Ok I just got a heat press and I’m now focusing on finding the best way to make my transfers between using a Vinyl cutter or a sublimation printer. Do any of you know which one is best for t-shirt making? Which one results in better quality work? Which is easier? And which is the cheapest overall?


----------



## saulnier31

I think it depends on what you are trying to do. With sublimation, you can't use cotton. It has to be polyester or some poly blends. With t-shirt vinyl, you can cut and apply it to just about evey trype of surface you can imagine. I'm sure somone of the forum will have more knowledge in this department then me.

But in my opinion, sublimation is much easier then the cinyl cutter. When I first started using my vinyl cutter, it was frustrating and a lot of waster vinly just tring to get all the settings right. And trying to get everything to cut properly. Then when I got the sublimation package, I found it much easier to do and use. Maybe it was a few years experience with the cutter and programs.


----------



## charles95405

I think starting out with a vinyl cutter is the least expensive way to get started. You can cut decals, signs, banners and of course heat press vinyl for application to garments.

Sublimation gives a great product but expensive to start..Ink is pricey... for more info on that process see DyeSub.org - An educational site for dye sublimation and digital transfer printing..

With sublimation you can put images on a lot of products. ...to see how many...check out Johnson Plastics - Your Premier Distributor of Laser and Rotary Engraving Products and Sublimation Supplies

as to over all cost...probably about equal to start up when you consider the press and vinyl cutter and software...compared to sublimation printer/ink and press along with software.

sort of depends on your market goals


----------



## ayukish

Koolaid Smile said:


> Ok I just got a heat press and I’m now focusing on finding the best way to make my transfers between using a Vinyl cutter or a sublimation printer.

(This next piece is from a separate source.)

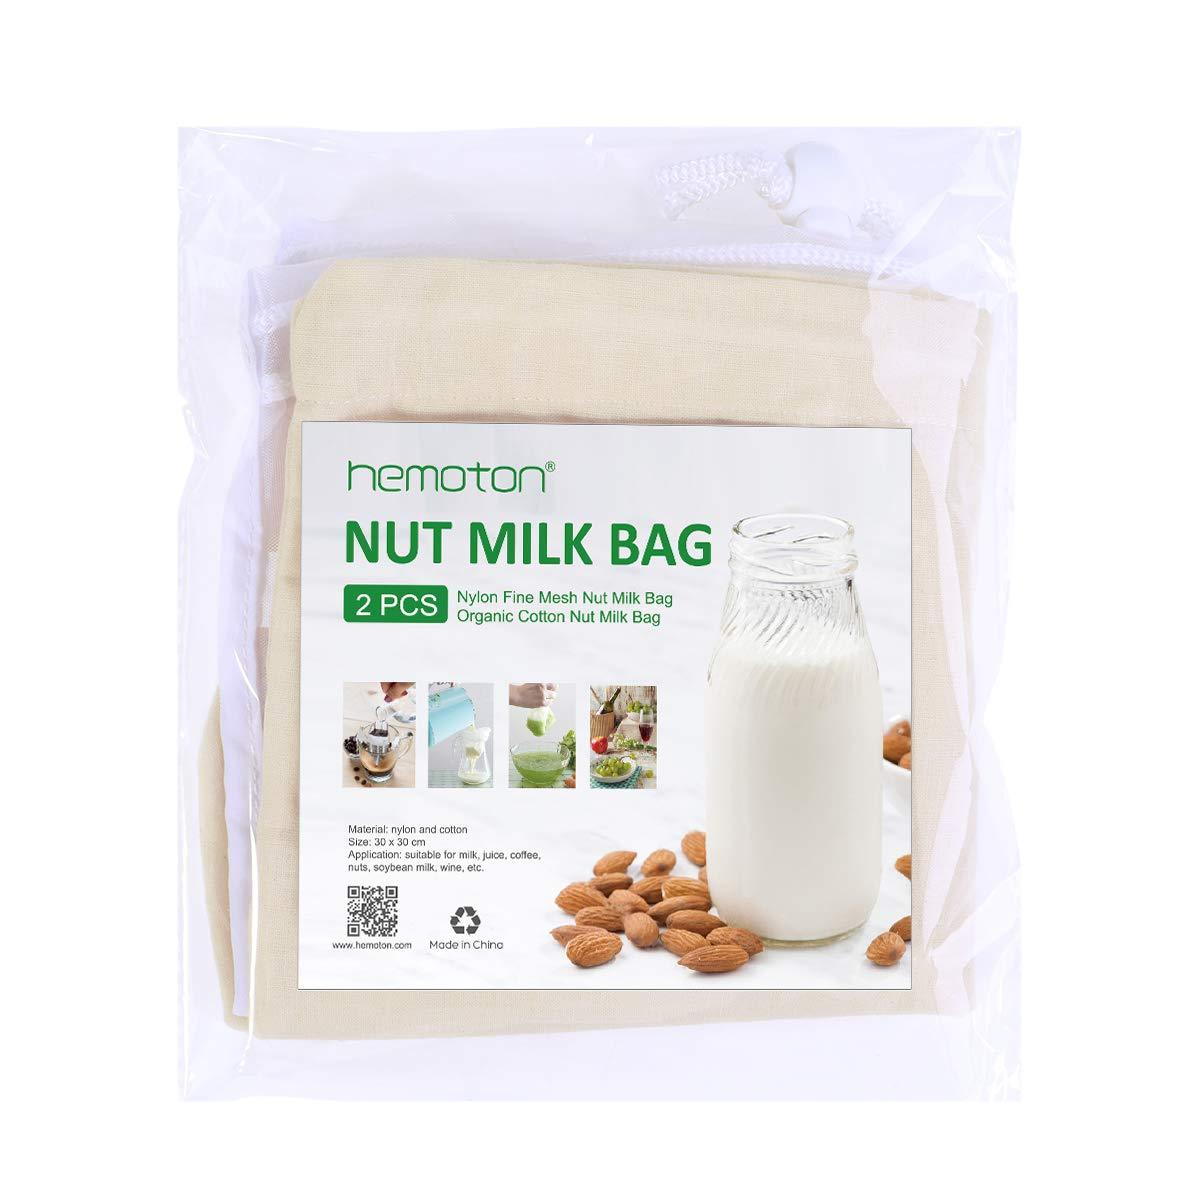 Hemoton Lot de 2 sacs en nylon /à mailles fines r/éutilisables et en coton organique pour lait de noix v/ég/étal Nusslait damande fruit/é 30 x 30 cm

Do any of you know which one is best for t-shirt making? Which one results in better quality work? Which is easier? And which is the cheapest overall?


Sublimation is great for hard goods like mugs, tiles, etc. For apparel, it's very limited. Since sublimation only sticks to polyester, it's recommended that you work with 100% poly. Less can be used but the image quality will suffer. You are also limited exclusively to white.

A vinyl cutter will be better for apparel because you won't have the same limitations. Heat-applied materials can be applied to virtually any textile and any color. Using a quality material will also give you excellent durability - outlasting the garment it's applied to. Price wise, the material cost can be around a penny per square inch. Sublimation inks and paper are a little more expensive.


----------



## charles95405

one small correction to Adam's post... There are several pastel colors from vapor apparel that will take sublimation nicely...there is some color shifting because of the pastel color but nice anyway.


----------



## ayukish

charles95405 said:


> one small correction to Adam's post... There are several pastel colors from vapor apparel that will take sublimation nicely...there is some color shifting because of the pastel color but nice anyway.


I forgot to add "or lights" to my White claim. Sorry about that! Thanks for the correction Charles.


----------